Konon Leonardo Boof seorang teolog Khatolik asal Brasil bertemu dan bercakap-cakap dengan Dalai Lama dari Tibet. Boff mengajukan pertanyaan kepada Dalai Lama begini, "Agama manakah yang terbaik ?" atas pertanyaan ini, Boff sudah dapat memprediksikan bahwa paling tidak sang pemimpin spiritual asal Tibet itu akan menjawab, agama yang terbaik adalah 'Budhis dari Tibet, atau salah satu agama yang ada di Asia.' Bagaimana jawaban Dalai Lama ? Mendengar pertanyaan yang diajukan itu, Dalai Lama tersenyum dan menatap wajah Boff dalam-dalam, sambil berkata, "Agama yang paling baik adalah agama yang membawamu paling dekat dengan Tuhan. Dan  agama yang  membuatmu menjadi orang yang lebih baik."
Dengan agak sedikit malu, Boff melanjutkan lagi pertanyaannya, "Apa yang bisa membuat saya menjadi lebih baik ?" Dalai Lama pun melanjutkan jawawabanya,  "Agama yang membuatmu lebih berwelas asih, lebih masuk akal, lebih terlepas, lebih mencintai, lebih memiliki rasa kemanusiaan, lebih bertanggungjawab secara etis. Agama yang melakukan semuanya  itu adalah agama yang terbaik. Dalai lama pun  melanjutkan, "Teman, saya tidak tertarik tentang agamamu atau apakah kamu beragama atau tidak. Yang terpenting bagiku adalah tingkalakumu di depan rekan, keluarga, pekerjaan, komunitasmu dan di hadapan dunia.Ingatlah bahwa semesta adalah gema dari tindakan dan pikiran kita. Hukum aksi dan reaksi tidaklah semata-mata untuk ilmu alam, akan tetapi juga untuk hubungan antara manusia. Jika saya bertindak dengan kebaikan, saya akan menerima kebaikan. Jika saya bertindak dengan kejahatan maka saya akan mendapatkan kejahatan. Menjadi bahagia bukanlah takdir, akan tetapi masalah pilihan."

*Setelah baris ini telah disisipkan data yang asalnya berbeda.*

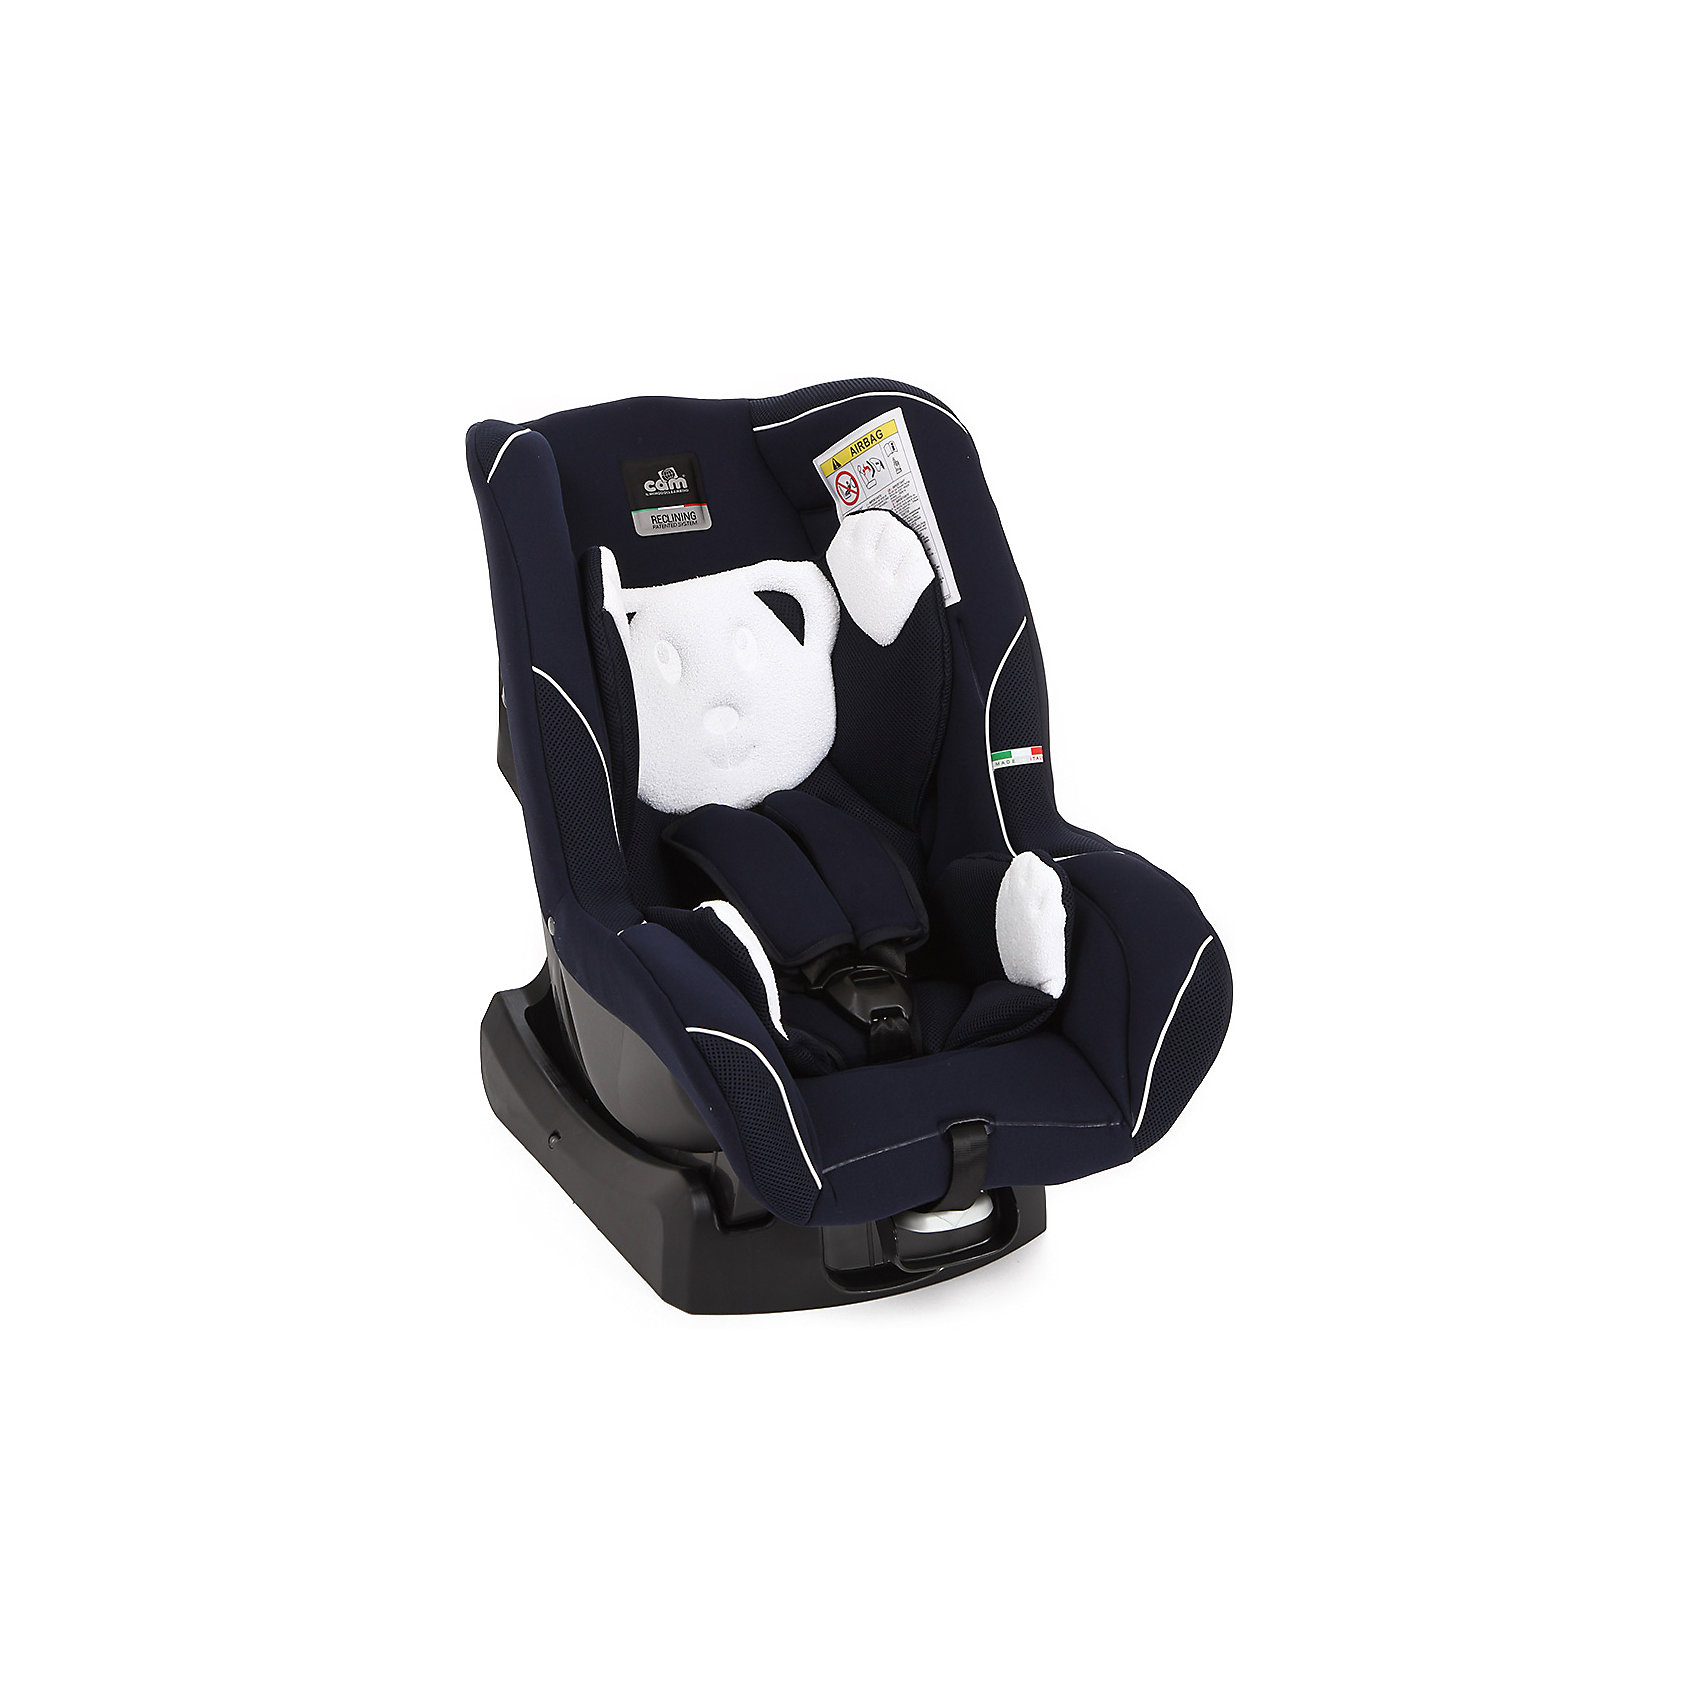 Автокресло CAM с подголовником Auto Gara, 0-18 кг, синийГруппа 0+, 1 (До 18 кг)<br>Автокресло Auto Gara (Авто Гара), 0-18 кг., от CAM (КАМ) - это прекрасный выбор для путешествий малыша с рождения до 3 лет. Благодаря удобным регулировкам кресло подстраивается под меняющиеся потребности растущего малыша. Для новорожденным предусмотрена анатомическая вставка и пять положений наклона спинки, которые обеспечат здоровый и комфортный сон. Подросший малыш будет так же хорошо защищен в кресле благодаря усиленной боковой защите и удобному подголовнику. Вы можете без труда отрегулировать пятиточечные ремни кресла по высоте, чтобы обеспечить высочайший уровень безопасности ребенку любого роста. Не бойтесь испачкать сиденье, чехол из технологичной ткани легко стирается и кресло снова выглядит как новое. Кресло легко установить в машине и закрепить штатными ремнями безопасности: до 9 месяцев против хода движения, послед 9 месяцев по ходу движения автомобиля.<br><br>Дополнительная информация:<br><br>- Группа: 0/1 (от 0 до 18 кг);<br>- Соответствует европейским нормам безопасности ECE R44/04;<br>- Усиленная боковая защита;<br>- Вкладыш для новорожденных;<br>- Пять положений наклона спинки;<br>- Удобный подголовник;<br>- Надежные пятиточечные ремни безопасности;<br>- Регулировка ремней одним движением;<br>- Устанавливается в автомобиле спиной по направлению движения до 9 мес, и по направлению движения после 9 мес;<br>- Съемную обивку можно стирать;<br>- Цвет: синий;<br>- Размер: 64 х 59 х 41 см;<br>- Вес: 5,5 кг<br><br>Автокресло Auto Gara (Авто Гара) , 0-18 кг., CAM (КАМ), синее можно купить в нашем интернет-магазине.<br><br>Ширина мм: 900<br>Глубина мм: 600<br>Высота мм: 420<br>Вес г: 5580<br>Цвет: синий<br>Возраст от месяцев: 0<br>Возраст до месяцев: 48<br>Пол: Унисекс<br>Возраст: Детский<br>SKU: 4026334

Jadi agama yang benar adalah agama yang tidak mengajarkan kepada para penganutnya untuk pukuli orang lain, melainkan peduli kepada orang lain. Terutama kepada mereka yang lemah dan termarginalkan, sebagaimana disentil oleh John R. W. Stott dalam bukunya Isu-Isu Global dibawah ini:
"Saya kelaparan, dan anda membentuk kelompok diskusi untuk membicarakan kelaparan saya. Saya terpenjara, dan anda menyelinap ke kapel anda untuk berdoa bagi kebebasan saya. Saya telanjang, dan anda mempertanyakan dalam hati kelayakan penampilan saya. Saya sakit, dan anda berlutut dan menaikkan syukur kepada Allah atas kesehatan anda. Saya tak mempunyai tempat berteduh, dan anda berkhotbah kepada saya tentang kasih Allah sebagai tempat berteduh spiritual. Saya kesepian, dan anda meninggalkan saya sendirian untuk berdoa bagi saya. Anda kelihatan begitu suci, begitu dekat kepada Allah. Tapi saya tetap amat lapar-- dan kesepian -- dan kedinginan."
Akhirnya dapat disimpulkan bahwa agama yang tidak mengajarkan solidaritas dan hanya mengajarkan penganutnya untuk melakukan permusuhan dan tindak kekerasan kepada sesama adalah agama yang kehilangan spritualitas ke-Tuhan-annya.